What's the solution?
The researchers developed a two-step training process. First, they trained a component called an 'encoder' to understand the important features of clean images and map them to points along a predictable path that leads from random noise to a recognizable image. Then, they combined this encoder with a randomly started 'decoder' and fine-tuned the entire system together, for both diffusion and consistency models. This allows the model to learn how to generate images directly from pixels, guided by the encoder's understanding of image structure.
Why it matters?
This work is significant because it demonstrates that pixel-space models *can* achieve performance comparable to, and even surpass, latent-space models, without the need for complex pre-training with other models like VAEs. This is especially important for generating high-resolution images, as it opens the door to more efficient and high-quality image generation directly from pixel data, and represents the first successful training of a consistency model directly on high-resolution images.
Abstract
Pixel-space generative models are often more difficult to train and generally underperform compared to their latent-space counterparts, leaving a persistent performance and efficiency gap.
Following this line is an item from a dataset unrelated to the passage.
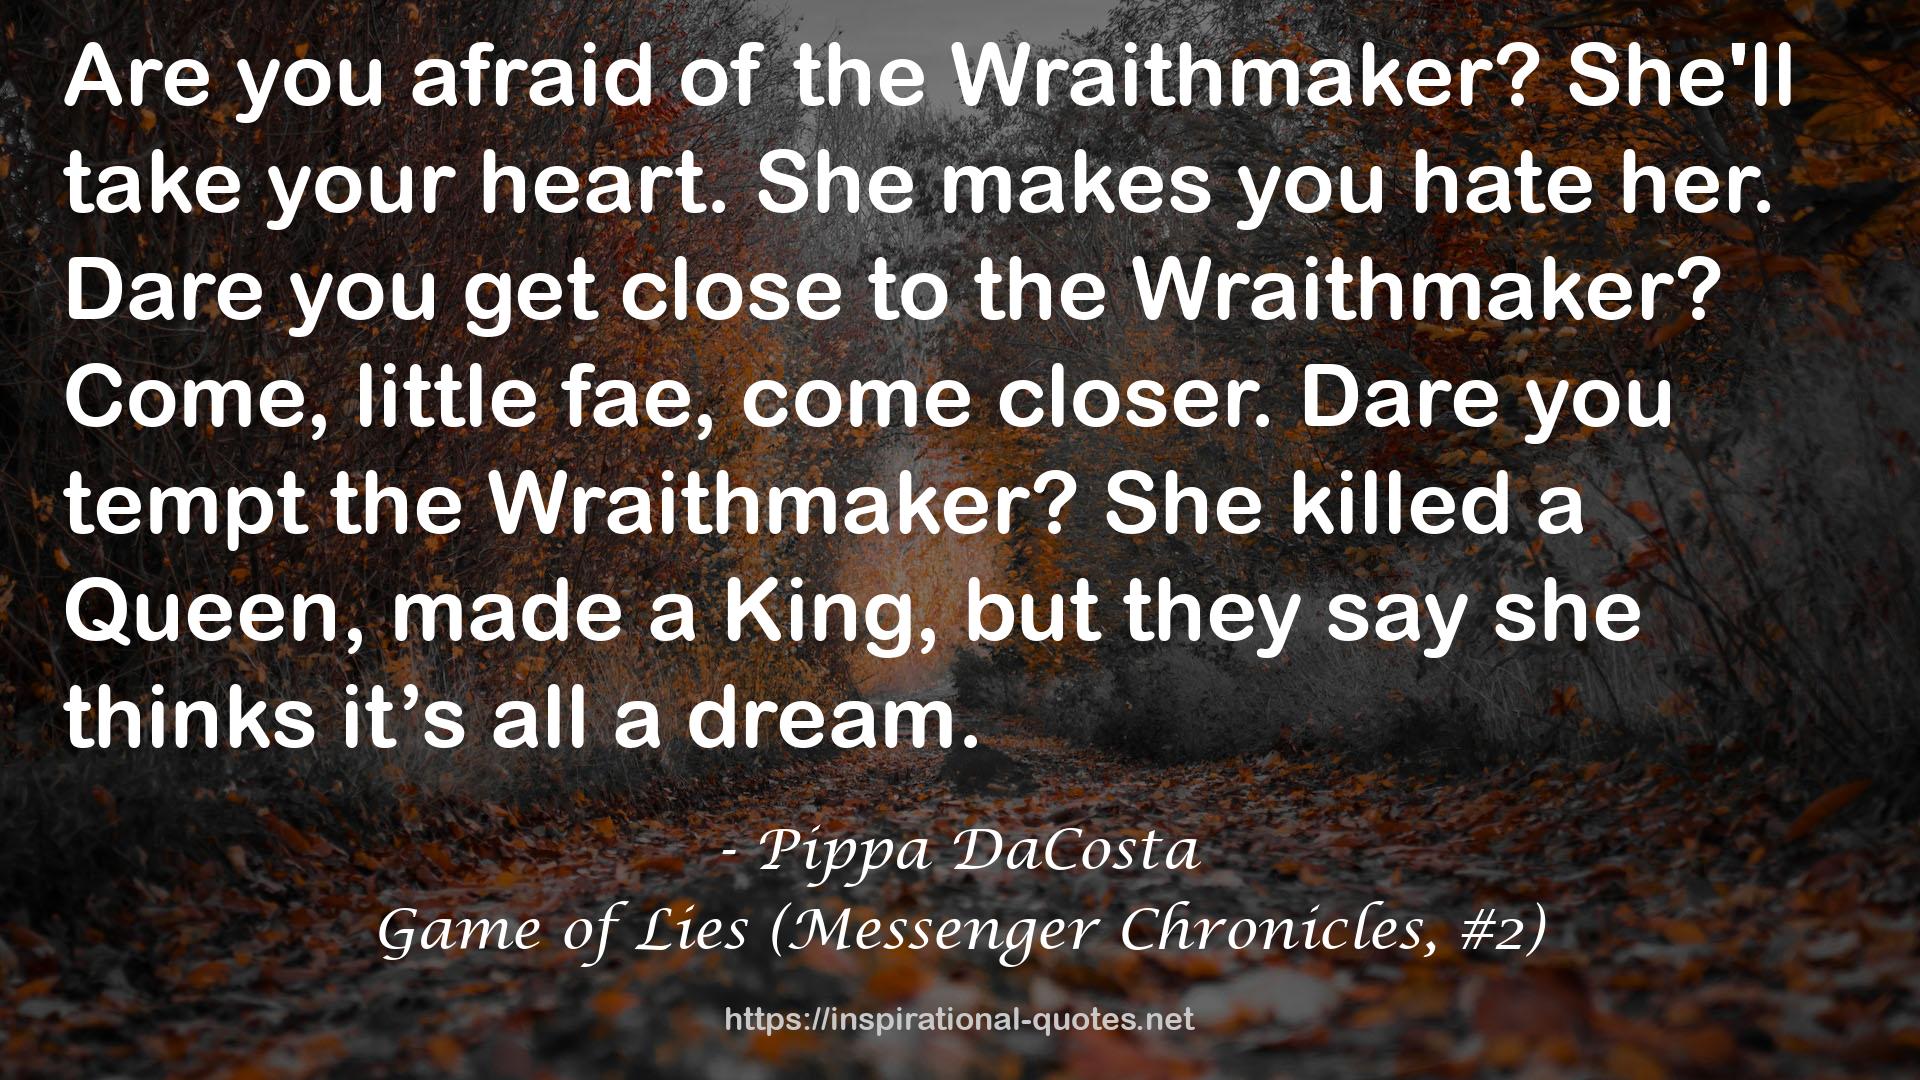 Game of Lies (Messenger Chronicles, #2) QUOTES

In this paper, we introduce a novel two-stage training framework that closes this gap for pixel-space diffusion and consistency models. In the first stage, we pre-train encoders to capture meaningful semantics from clean images while aligning them with points along the same deterministic sampling trajectory, which evolves points from the prior to the data distribution. In the second stage, we integrate the encoder with a randomly initialized decoder and fine-tune the complete model end-to-end for both diffusion and consistency models. Our training framework demonstrates strong empirical performance on ImageNet dataset. Specifically, our diffusion model reaches an FID of 2.04 on ImageNet-256 and 2.35 on ImageNet-512 with 75 number of function evaluations (NFE), surpassing prior pixel-space methods by a large margin in both generation quality and efficiency while rivaling leading VAE-based models at comparable training cost. Furthermore, on ImageNet-256, our consistency model achieves an impressive FID of 8.82 in a single sampling step, significantly surpassing its latent-space counterpart. To the best of our knowledge, this marks the first successful training of a consistency model directly on high-resolution images without relying on pre-trained VAEs or diffusion models.